In another embodiment, the plurality of first guide vanes and the plurality of second guide vanes are hingedly mounted on an operative surface of the housing.
Further, the second master guide vane is configured with at least one engaging means and the knob is configured with at least one connecting means, the connecting means is configured to be received within the engaging means in an operative configuration.
In an embodiment, the predefined sideways movement of the knob configured to actuate the second master guide vane, and further configured to actuate the second guide vanes to control the airflow in a second desired direction.
In another embodiment, the desired direction of airflow is defined at least along an eye-sight direction or along a hip-point direction or in between thereof as desired by a user.
In another embodiment, the connecting means is a fork attachment, configured to slidably engage within the engaging means.
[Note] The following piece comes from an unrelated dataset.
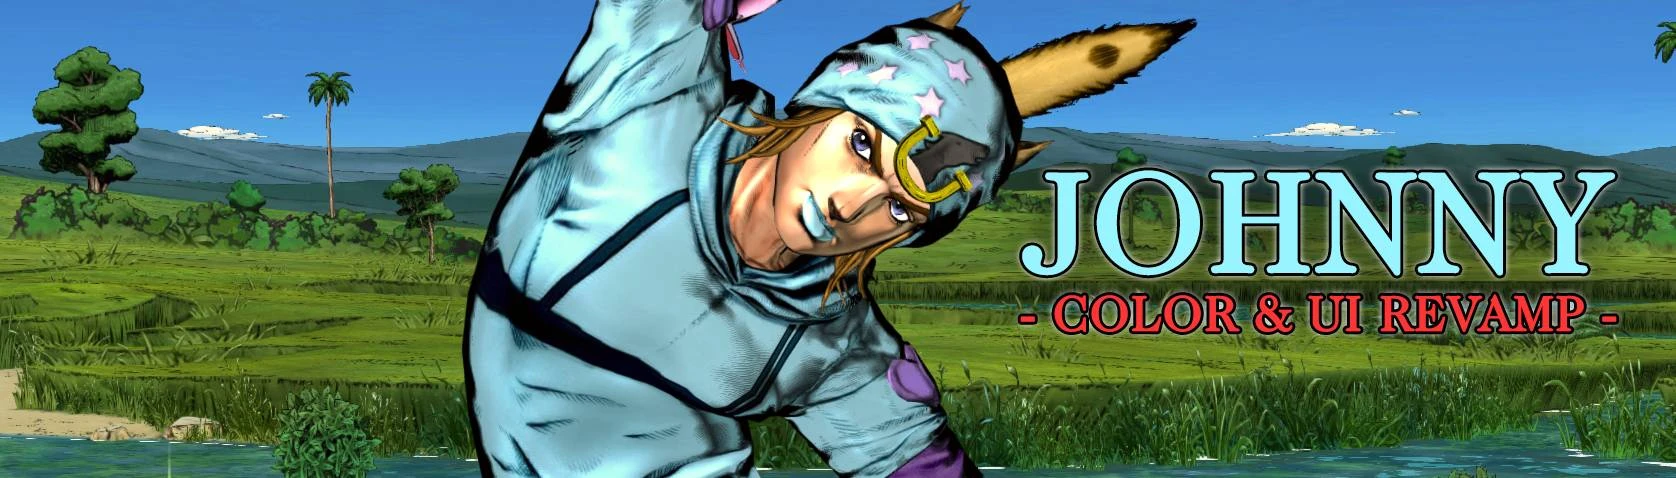 Johnny Joestar and Tusk Manga colors Pack at JoJo's Bizarre Adventure:  All-Star Battle R Nexus - Mods and Community
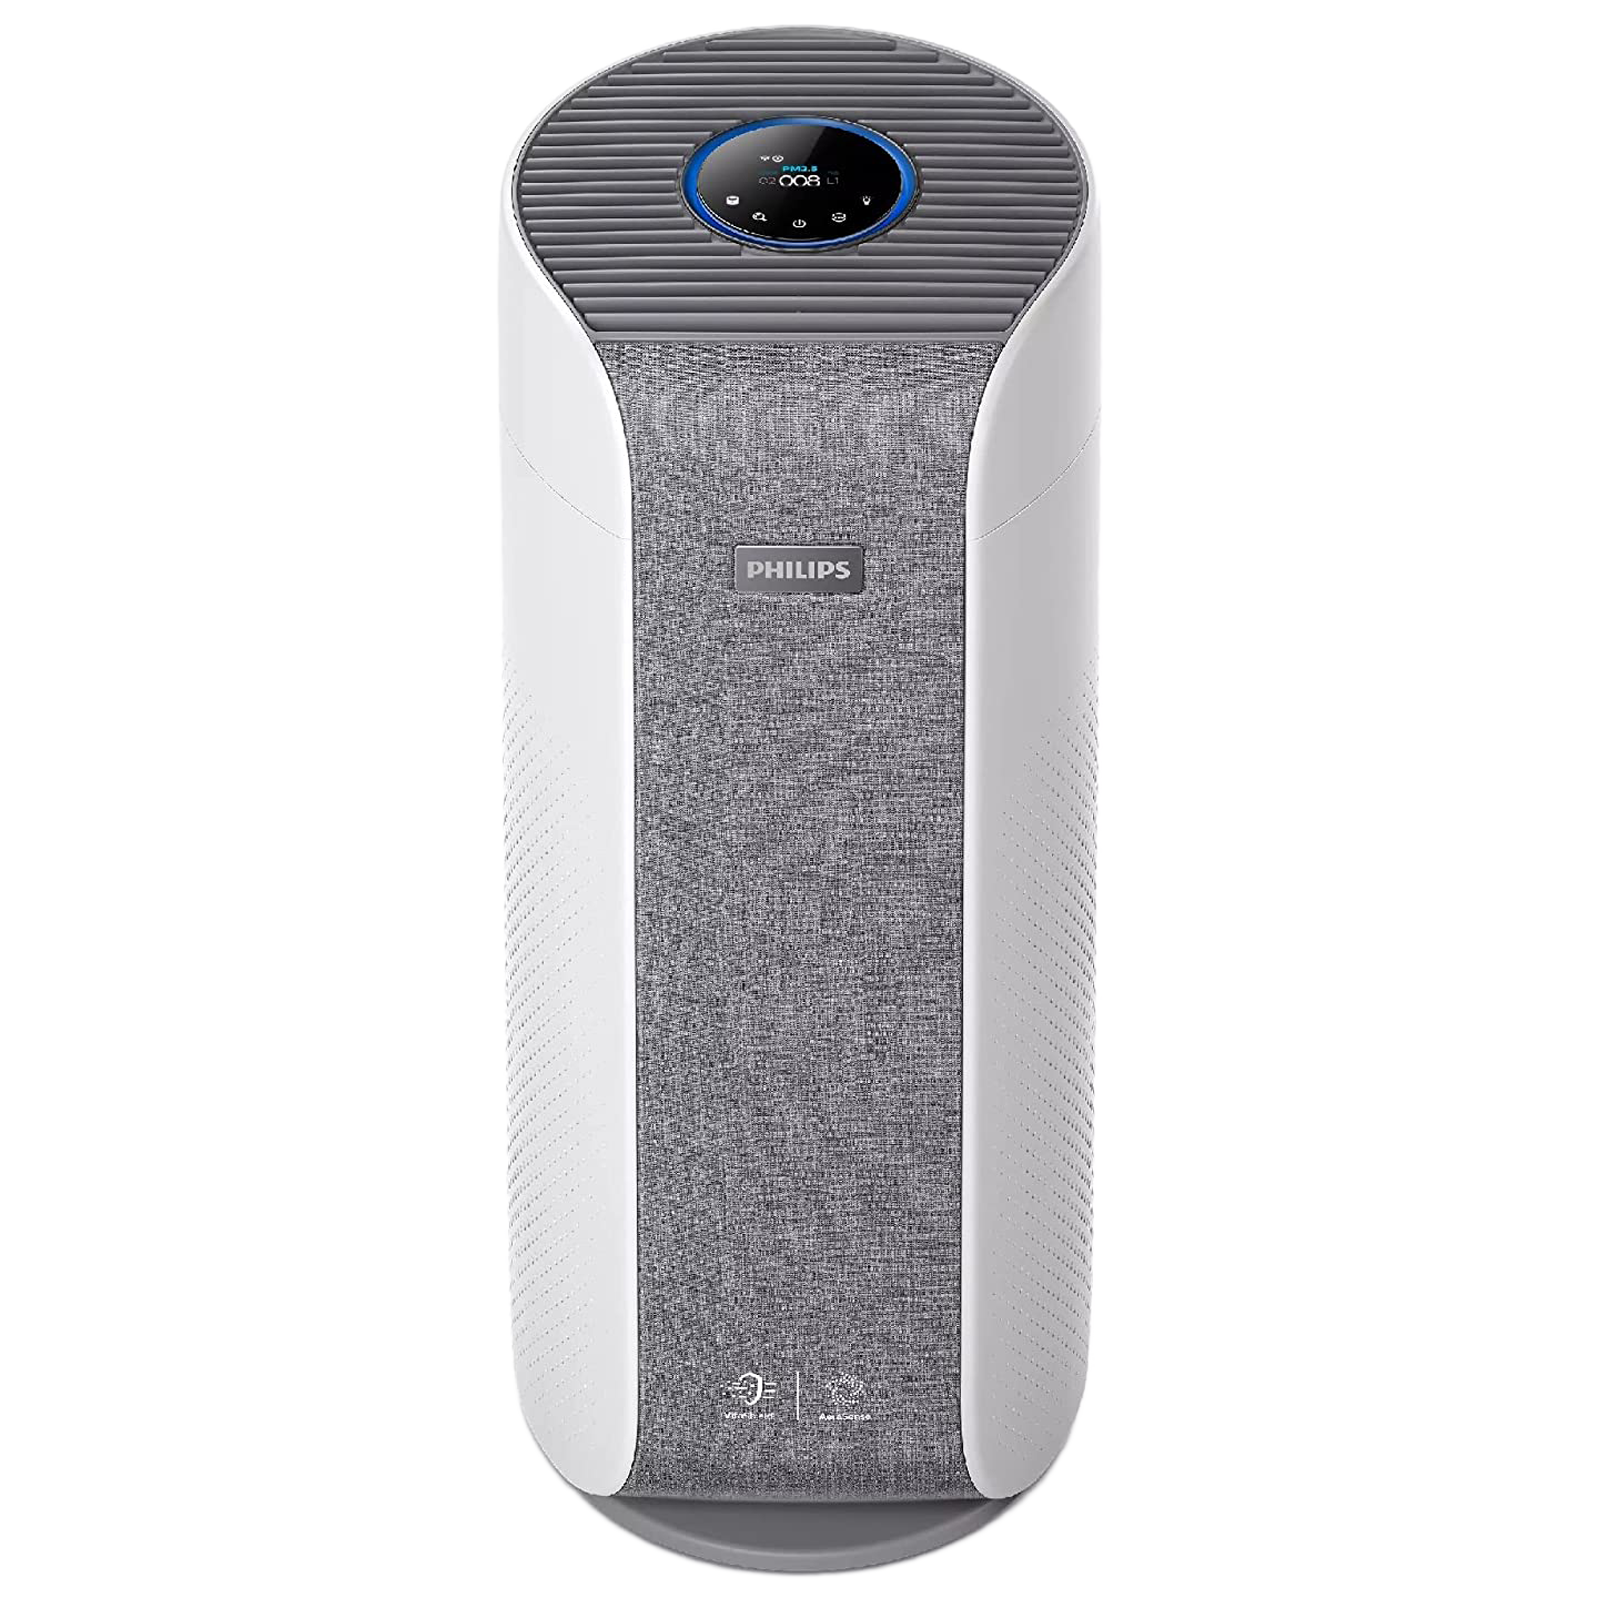 Philips 4000i Aera Sense Technology Air Purifier (Smart filter indicator, AC3858/63, White/Grey)_1

In another embodiment, the engaging means is configured with at least a pair of second stopper, configured to restrict the predefined swaying movement of the knob.
In another embodiment, the HVAC system is configured with the apparatus which is configured to control the airflow direction in a vehicle cabin space or an Air-conditioning space.
Advantageously, the knob provided is configured to control the airflow direction in both horizontal as well as in vertical direction without the requirement of the air vent dial and air vent dial rod. Further, the apparatus avoids the complex geometry assembly, thereby easy for maintenance and economical for production.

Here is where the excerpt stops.